── Data to use
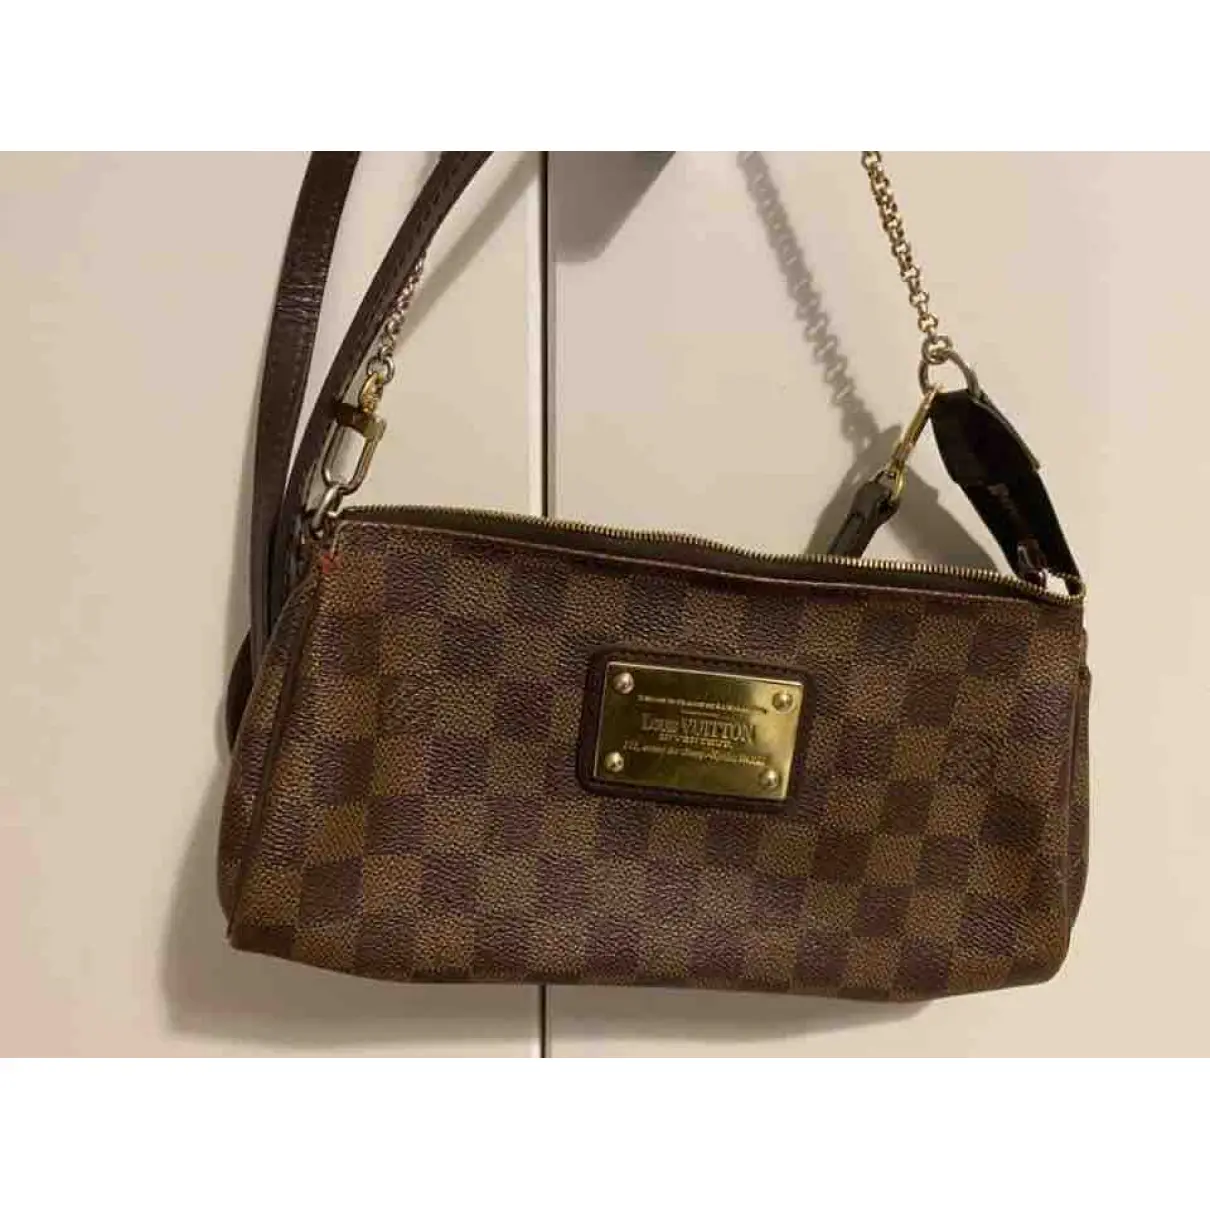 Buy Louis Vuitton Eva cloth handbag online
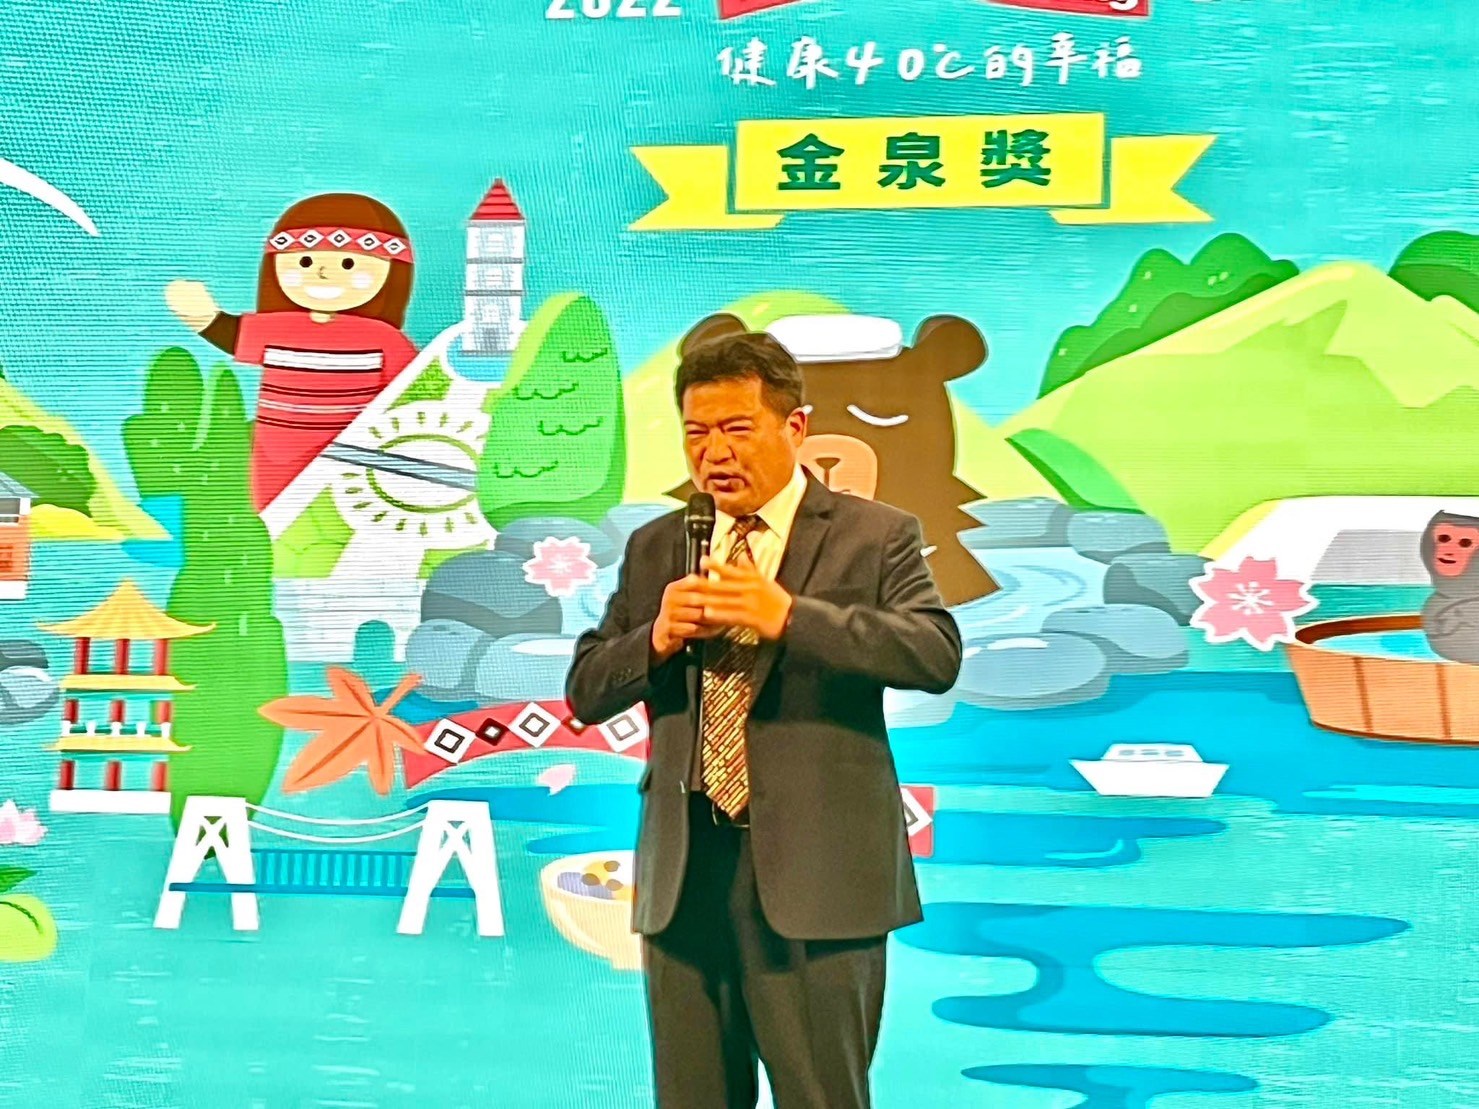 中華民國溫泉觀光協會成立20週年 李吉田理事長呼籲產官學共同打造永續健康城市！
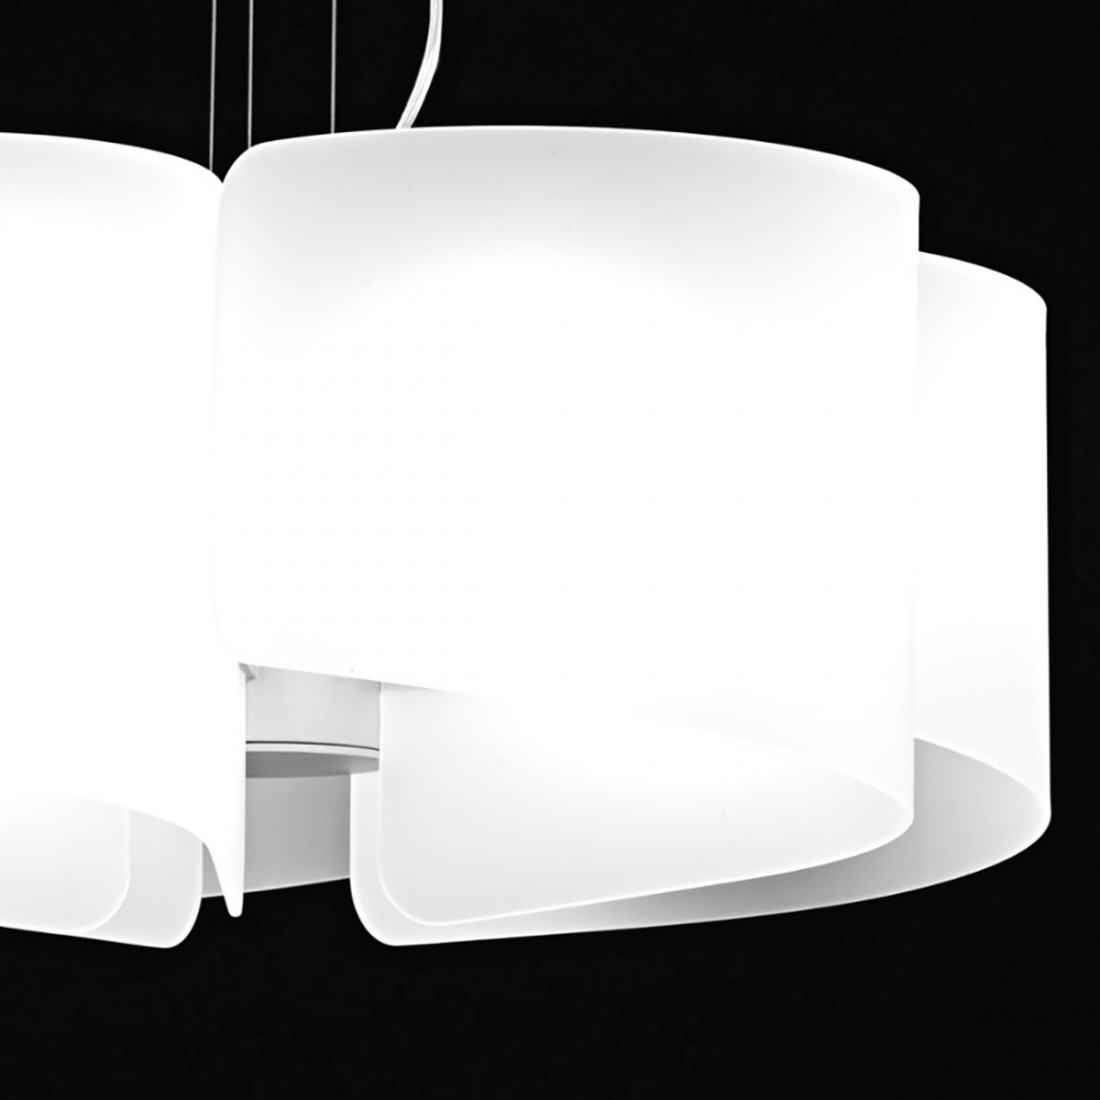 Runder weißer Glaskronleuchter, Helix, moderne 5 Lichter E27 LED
────
── Data to use
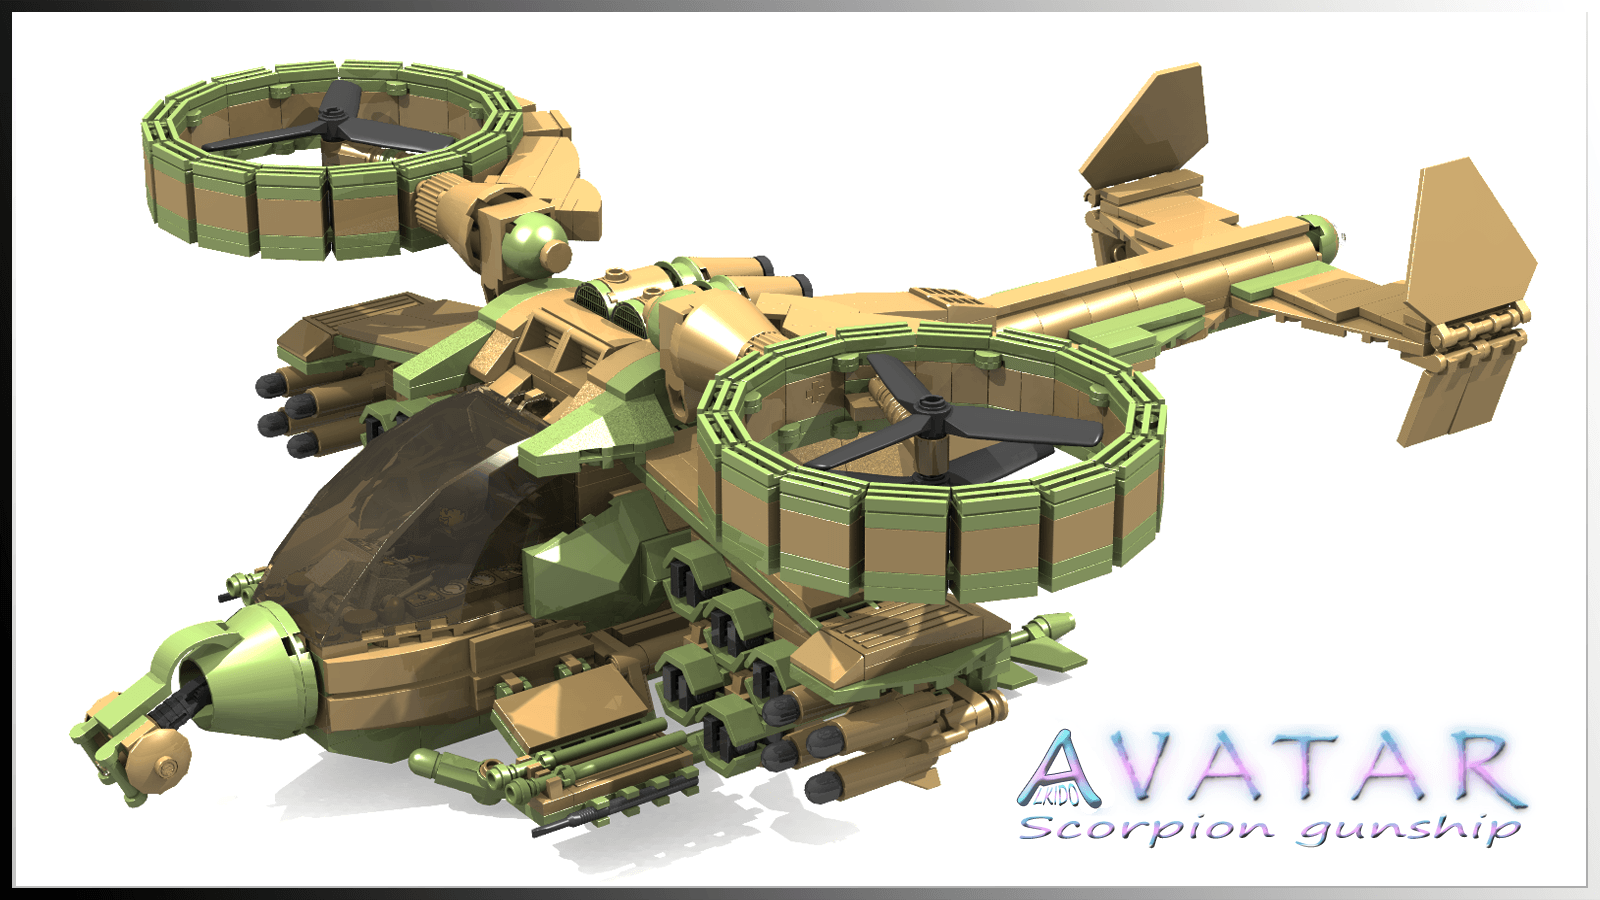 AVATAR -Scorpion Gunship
────
▶ **Goal of the exercise**
Print exactly, with no pictures, the lines above from the one that holds "Buy Louis Vuitton Eva cloth handbag online" through the one that holds "Runder weißer Glaskronleuchter, Helix, moderne", both of them included.

▶ **Task answer**
 Buy Louis Vuitton Eva cloth handbag online
 中華民國溫泉觀光協會成立20週年 李吉田理事長呼籲產官學共同打造永續健康城市！
 Runder weißer Glaskronleuchter, Helix, moderne 5 Lichter E27 LED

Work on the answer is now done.